CDU erhält Kündigung

Soziales Zentrum "kündigt Freundschaft"

Infoarchiv Norderstedt | 
Schnittchen, Fähnchen, Freudestrahlen: auch in Norderstedt fühlte sich die CDU für einige Stunden als der sichere Sieger der Landtagswahlen in Schleswig-Holstein. Bei der Wahlparty im Restaurant "Lindenhof" träumte man bereits nach den ersten Hochrechnungen von ARD und ZDF von der Regierungsübernahme in Kiel. Die allseits gute Stimmung machten sich einige VertreterInnen des Sozialen Zentrums Norderstedt (SZ) zu nutze, um mit CDU-Ortsvorsitzendem Joachim Miermeister ins Gespräch zu kommen und vor allem: um ihre "unordnungsgemäße Kündigung der Freundschaft" zu übergeben. Diese erfolge, so war auf dem überdimensionalen Kündigungsschreiben zu lesen, das Kirstin Knutzen vom SZ übergab, "nach Punkt 1 des Maßnahmenkatalogs zum Erhalt sozialer Zentren". Die "Kündigung" seitens des Sozialen Zentrums ist eine Antwort auf die Kündigung des Nutzungsvertrages mit der Stadt, die - unterzeichnet von CDU-Bürgermeister Grote höchstpersönlich - in der vergangenen Woche im SZ eingegangen war.
Während auf einem großen Fernseher im Hintergrund ein kurz zuvor aufgezeichnetes Interview mit Miermeister lief, versuchte dieser vor dem Gerät seine gute Miene nicht zu verlieren. Die Kündigung des Nutzungsvertrages mit dem SZ sei schließlich rechtens und damit nicht zu beanstanden. Außerdem sei man immer gewillt, nach einem Ausweichgrundstück Ausschau zu halten. Das SZ hingegen sieht gar keine Notwendigkeit, das Haus in der Ulzburger Straße zu räumen. Schließlich sind für den geplanten Bau des Kreisels noch nicht einmal alle Genehmigungsverfahren durchlaufen. Falls es überhaupt zu dem umstrittenen Bauvorhaben kommt, kann sich der tatsächliche Baubeginn noch Jahre hinziehen. Die SZ-NutzerInnen fürchten viel mehr, das Tatsachen geschaffen werden sollen und ein weiteres politisch missliebiges Projekt durch die Stadt geschlossen wird. Denn die Schließung des SZ wäre bereits die zweite Schließung einer hauptsächlich von Jugendlichen genutzten Einrichtung, nachdem vor gut einem Jahr das Kulturcafe am Aurikelstieg geschlossen wurde - und seitdem leer steht. Miermeister erklärte, dass er ohnehin ein Problem damit habe, von "Jugendlichen" zu sprechen. "Früher", hätte er bereits "mit 20 Jahren seinen Mann stehen und Geld verdienen müssen". Der Sinn dieser Feststellung blieb allerdings rätselhaft.
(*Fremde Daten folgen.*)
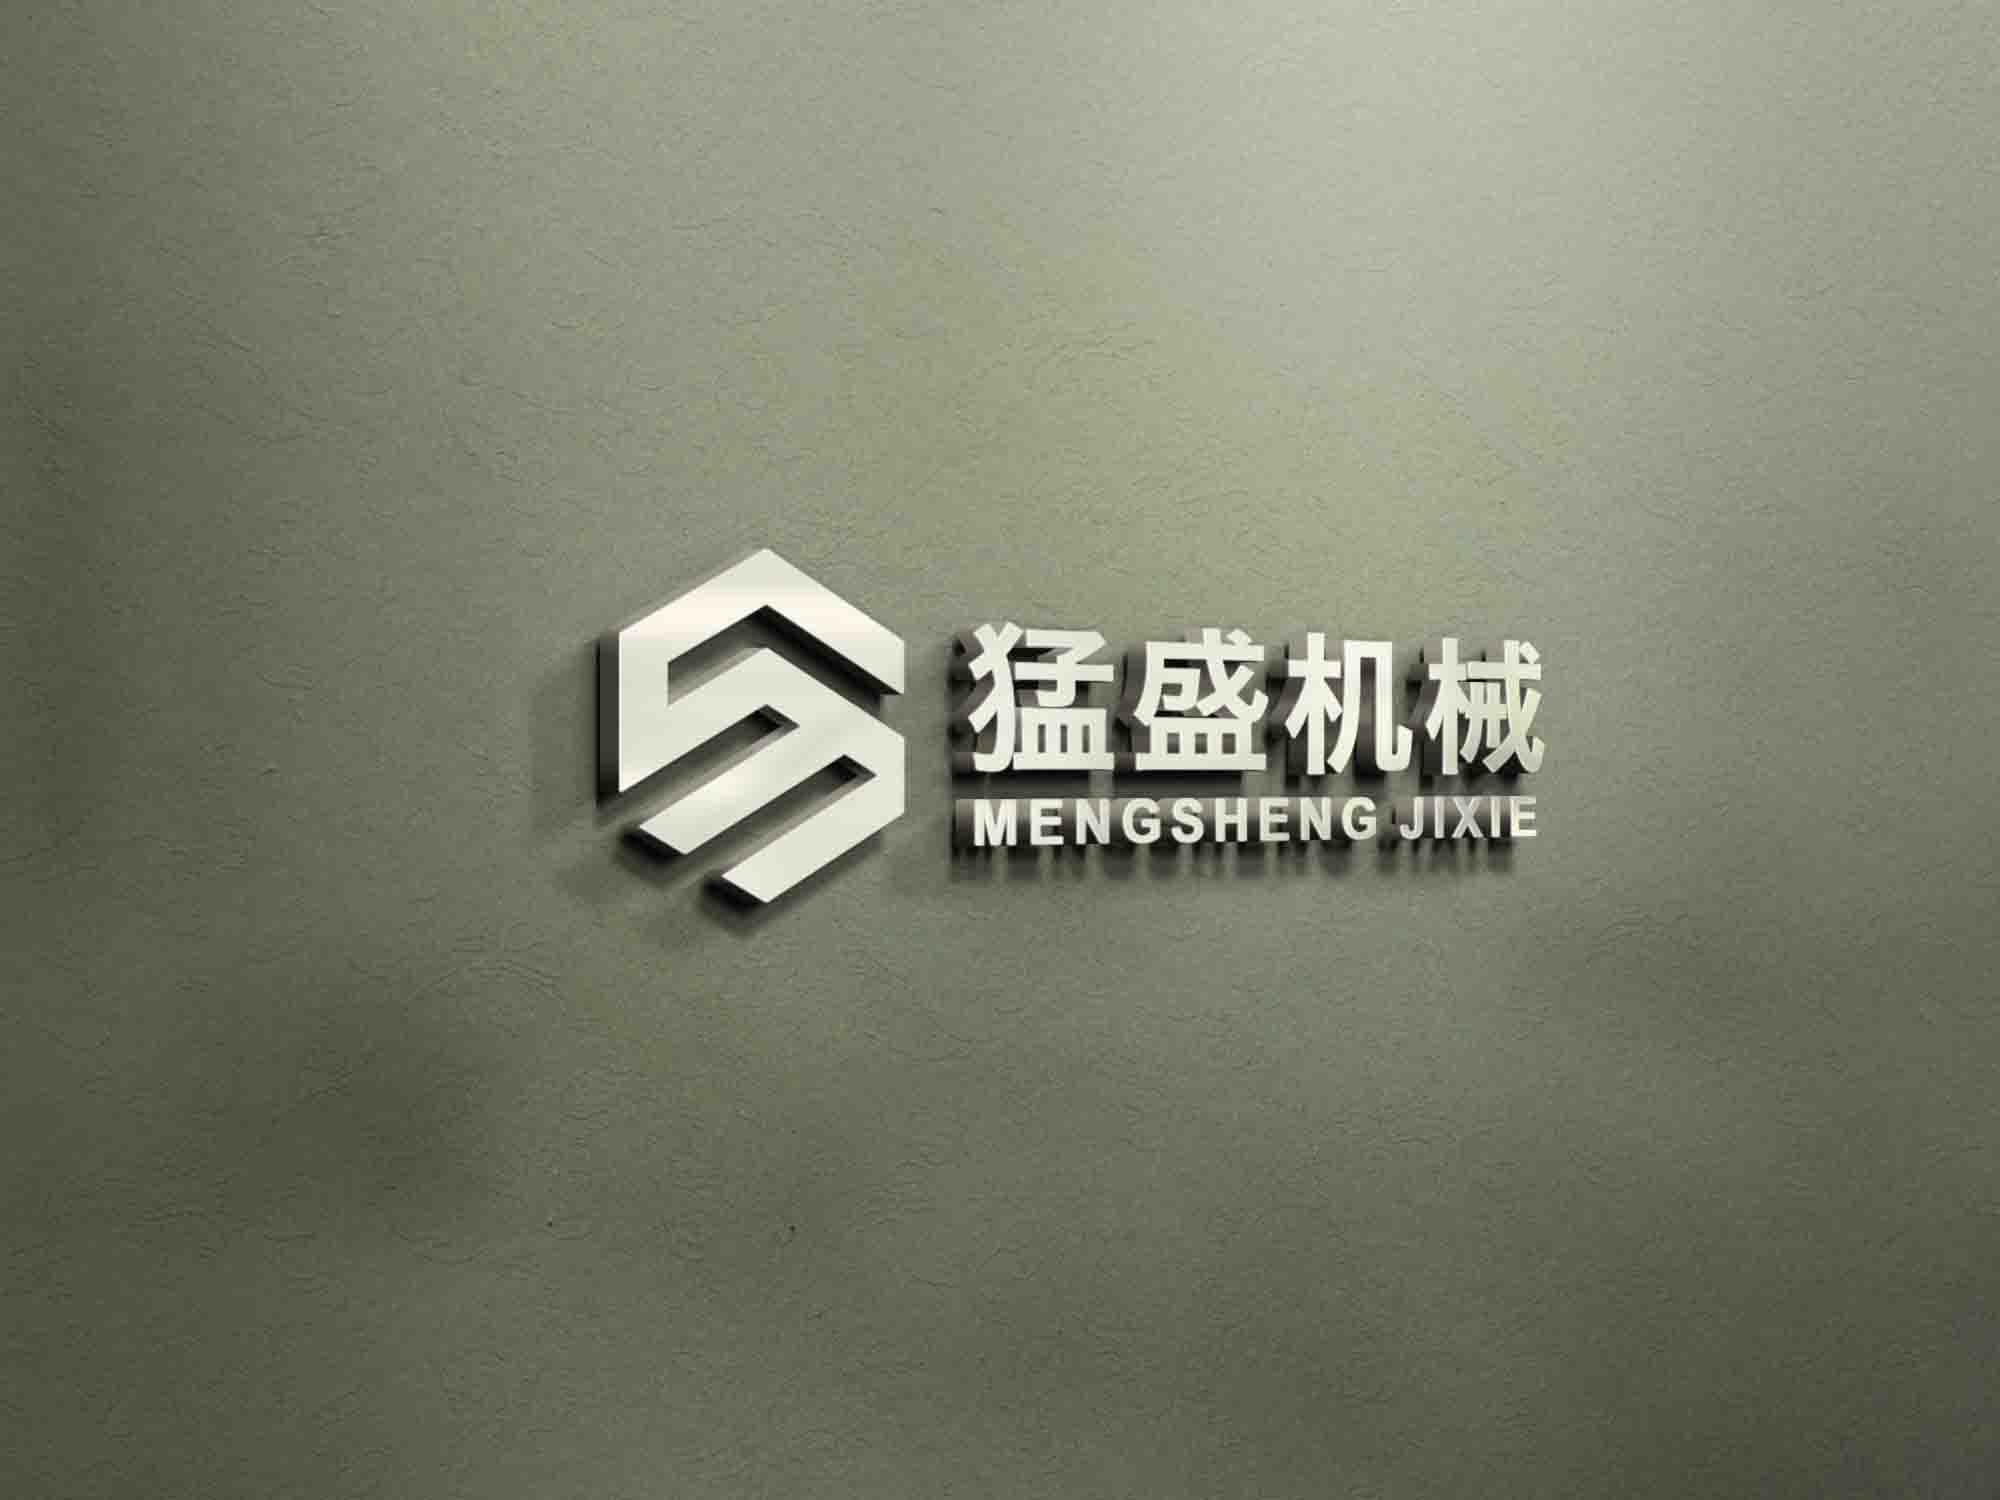 上海猛盛机械科技公司LOGO、广告语_2966111_k68威客网

Die Aktion im Restaurant Lindenhof wurde von den allermeisten Anwesenden weitestgehend unkommentiert zur Kenntnis genommen. Mit Blick auf die ausfälligen Bemerkungen einiger CDU-Nachwüchsler sagte Knutzen, man wisse ja, wo man sich hier befände. "Die Zeit der kultivierten Auseinandersetzung ist nun vorbei." Und kündigte zugleich weitere Aktionen an: "Ab jetzt machen wir Druck auf der Straße, um unser Projekt zu retten.". So ist bereits für den 2. April eine große Demonstration für den Erhalt des Zentrums geplant, bei der man auch mit TeilnehmerInnen aus dem Umland rechnet. Und selbst eine erneute Besetzung wird nicht ausgeschlossen: schließlich sie man auf diese Weise vor zehn Jahren vorgegangen, um das Zentrum überhaupt durchsetzen und verteidigen können. "Und so werden wir es auch in Zukunft tun!"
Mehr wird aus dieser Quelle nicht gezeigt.